Configuration¶
DroneWatch uses a two-stage configuration flow:
- OmegaConf composes YAML fragments selected by the root config file and its
defaultslist. - Pydantic validates the resolved result against typed models in
src/dronewatch/config/schema.py.
This means the YAML structure is flexible enough for grouped presets, while the final config still has a strict schema.
Root Config Files¶
The repository currently uses different root configs for different workflows:
configs/config.yamlfor normal PPO trainingconfigs/evaluate.yamlfor standalone checkpoint evaluationconfigs/random_policy.yamlfor the random policy baselineconfigs/tune_ppo.yamlfor Ray Tune sweeps
Group Config Files¶
Group config files define parameters of a configuration subgroup, e.g. for logging or network definitions.
configs/env/for environment and reward weight definitionsconfigs/evaluation/for evaluation specificationsconfigs/logging/for logging (mlflow) specificationsconfigs/model/for specifying the network of the trained agent (feedforward or lstm)configs/random_policy/for specifying the random policy rolloutconfigs/rendering/for rendering/ gif creation specificationsconfigs/training/for ray rllib training configurationsconfigs/tune/for ray rllib tune configuarions
Group Overrides vs Field Overrides¶
You can specify which root config to use, overwrite the group configs or overwrite singular fields of the group configs.
Group override¶
A group override replaces one preset from a config group.

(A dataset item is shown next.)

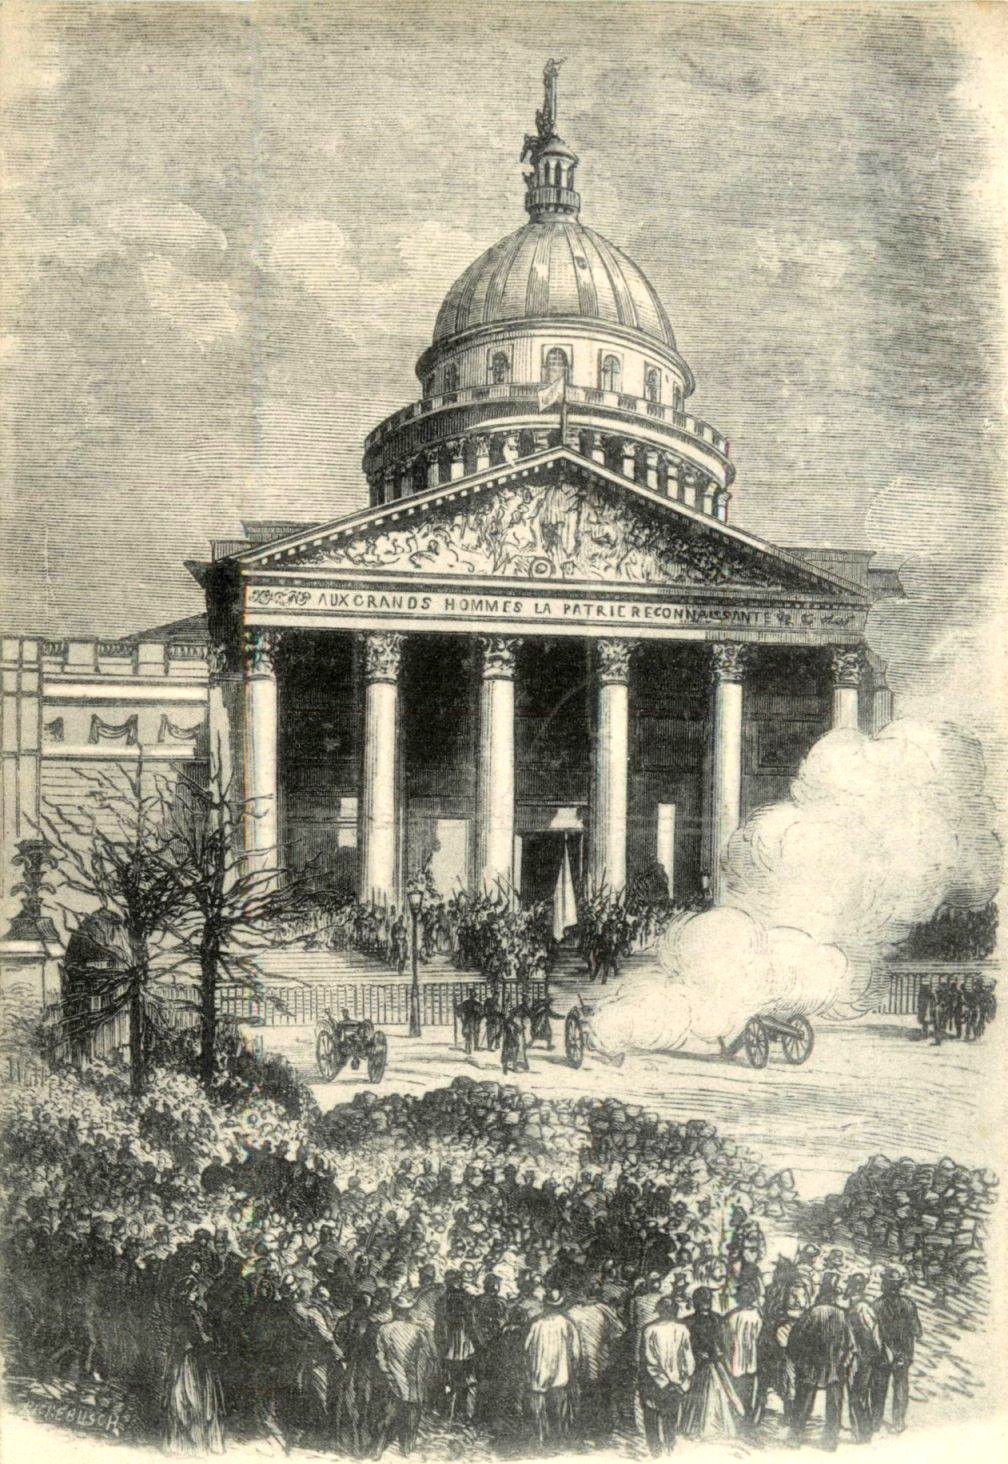 Carte postale Paris sous la Commune 1871 n° 110 - Le drapeau rouge placé sur le Panthéon, 31 mars 1871. AJH

uv run python -m dronewatch.training.train_ppo \
--config configs/config.yaml \
model=ppo_feedforward
Here model=ppo_feedforward switches the selected model file that will be used under configs/model/ to the feedforward one.
Field override¶
A field override changes a specific value inside the composed config.
uv run python -m dronewatch.training.train_ppo \
--config configs/config.yaml \
training.stop.iterations=1 \
training.ppo.minibatch_size=64
Here the selected config groups stay the same, but the final values (stop.iterations and ppo.minibatch_size) change before validation.
How Composition Works¶
The loader functions in src/dronewatch/config/loader.py all follow the same pattern:
- Load the root config
- Read the
defaultslist - Resolve each config group from
configs/<group>/<name>.yaml - Merge the selected group files
- Apply CLI
key=valueoverrides - Resolve interpolations
- Validate the final payload with Pydantic
The main entrypoints are:
load_config()for PPO trainingload_tune_config()for Tuneload_evaluation_config()for checkpoint evaluationload_random_policy_config()for the random baseline
Resolved Configs¶
Each run writes a resolved YAML snapshot named resolved_config.yaml beside the artifact directory for that run. This is the best source of truth when you need to know what actually ran after group selection and CLI overrides were applied.